From 390f0fd8cedf98f1385cae96175c05a4b142caed Mon Sep 17 00:00:00 2001
From: Adrian Lizarraga <adlizarraga@microsoft.com>
Date: Fri, 9 Aug 2024 14:46:52 -0700
Subject: [PATCH] [QNN Quant tool] Fix validation of per-channel overrides for
 models with external data (#21656)

### Description
Fixes validation of per-channel quantization overrides by not trying to
unnecessary load the external weights.

### Motivation and Context
The `get_qnn_qdq_config()` explicitly loads models without external data
(i.e., `onnx.load_model(load_external_data=False)`). Afterwards,
`get_qnn_qdq_config()` calls `tensor_proto_to_array()`, which expects
that the external weights are stored in the current working directory.
If the external weights are stored in a different directory, then we get
a crash.

Loading the actual weight values is unnecessary because we only need the
weight shape.

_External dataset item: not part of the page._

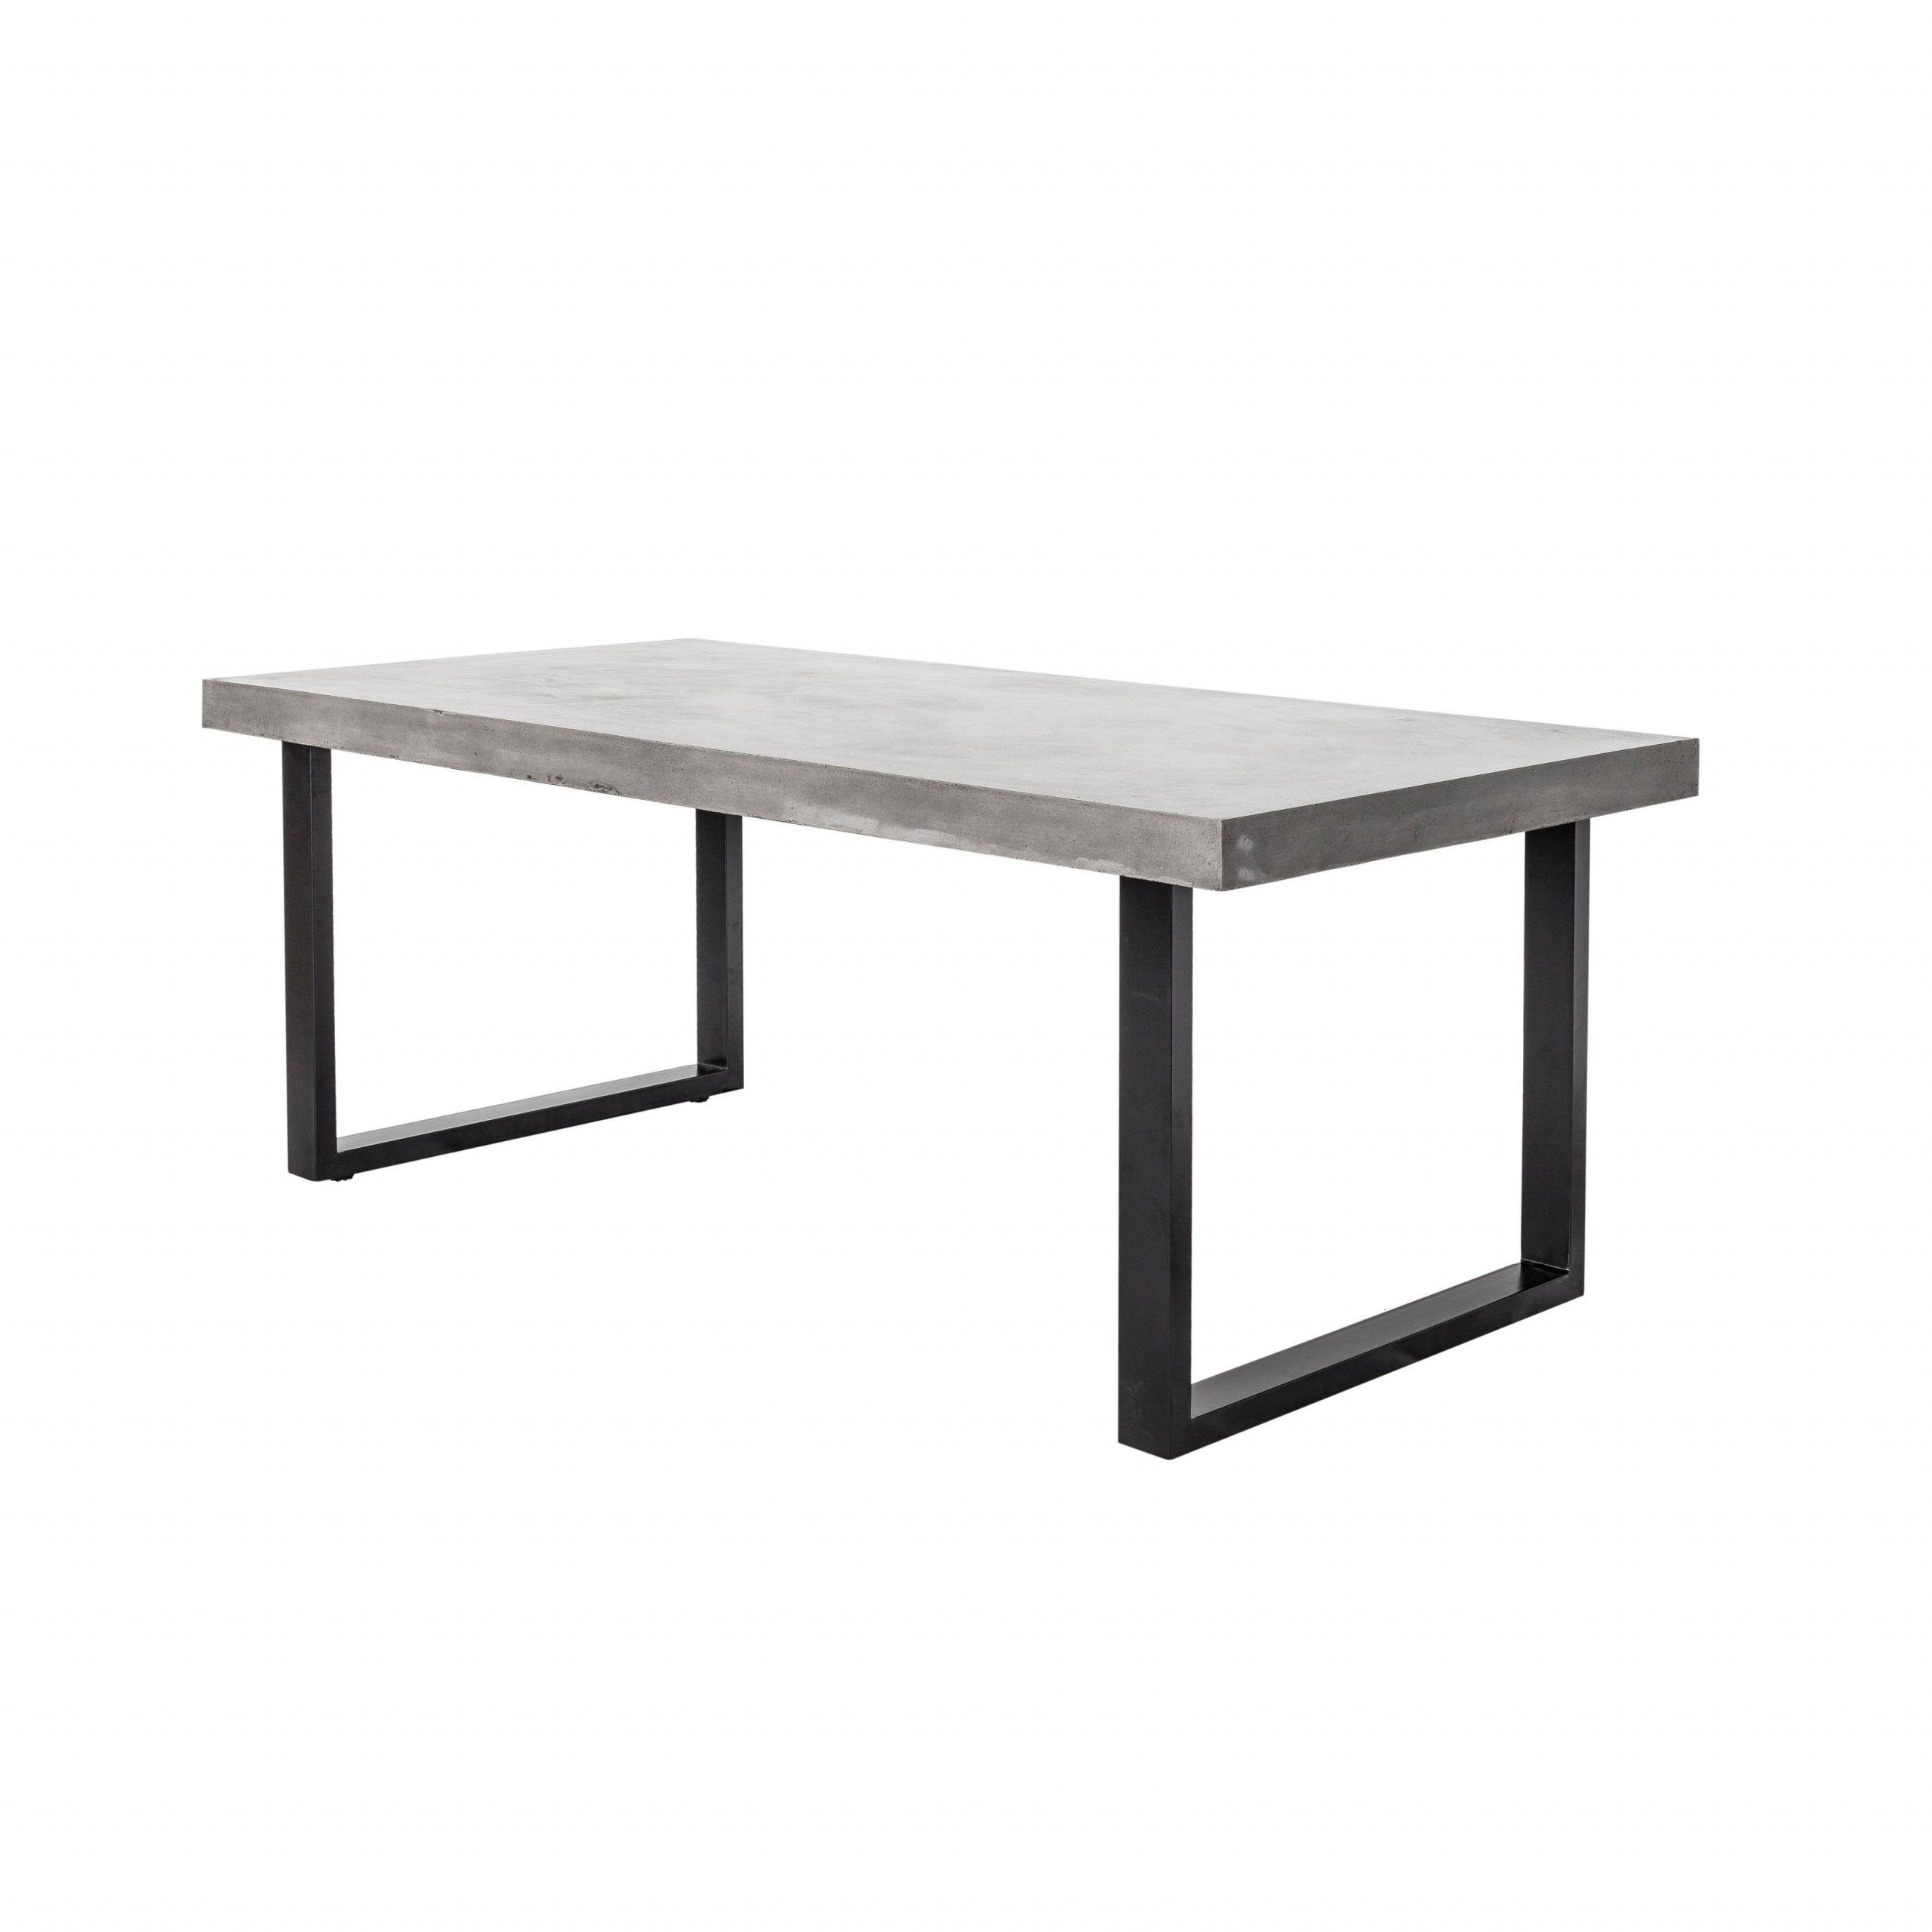 Dark Grey Small Outdoor Dining Table Modern Farmhouse Room Inside 2019 Modern Farmhouse Extending Dining Tables (View 12 of 25)

This PR removes the unnecessary call to
`tensor_proto_to_array()` call.
---
 .../tools/quantization/qdq_quantizer.py       |  3 +-
 .../quantization/tensor_quant_overrides.py    |  4 +-
 .../test_tensor_quant_overrides_option.py     | 44 +++++++++++++++++++
 3 files changed, 47 insertions(+), 4 deletions(-)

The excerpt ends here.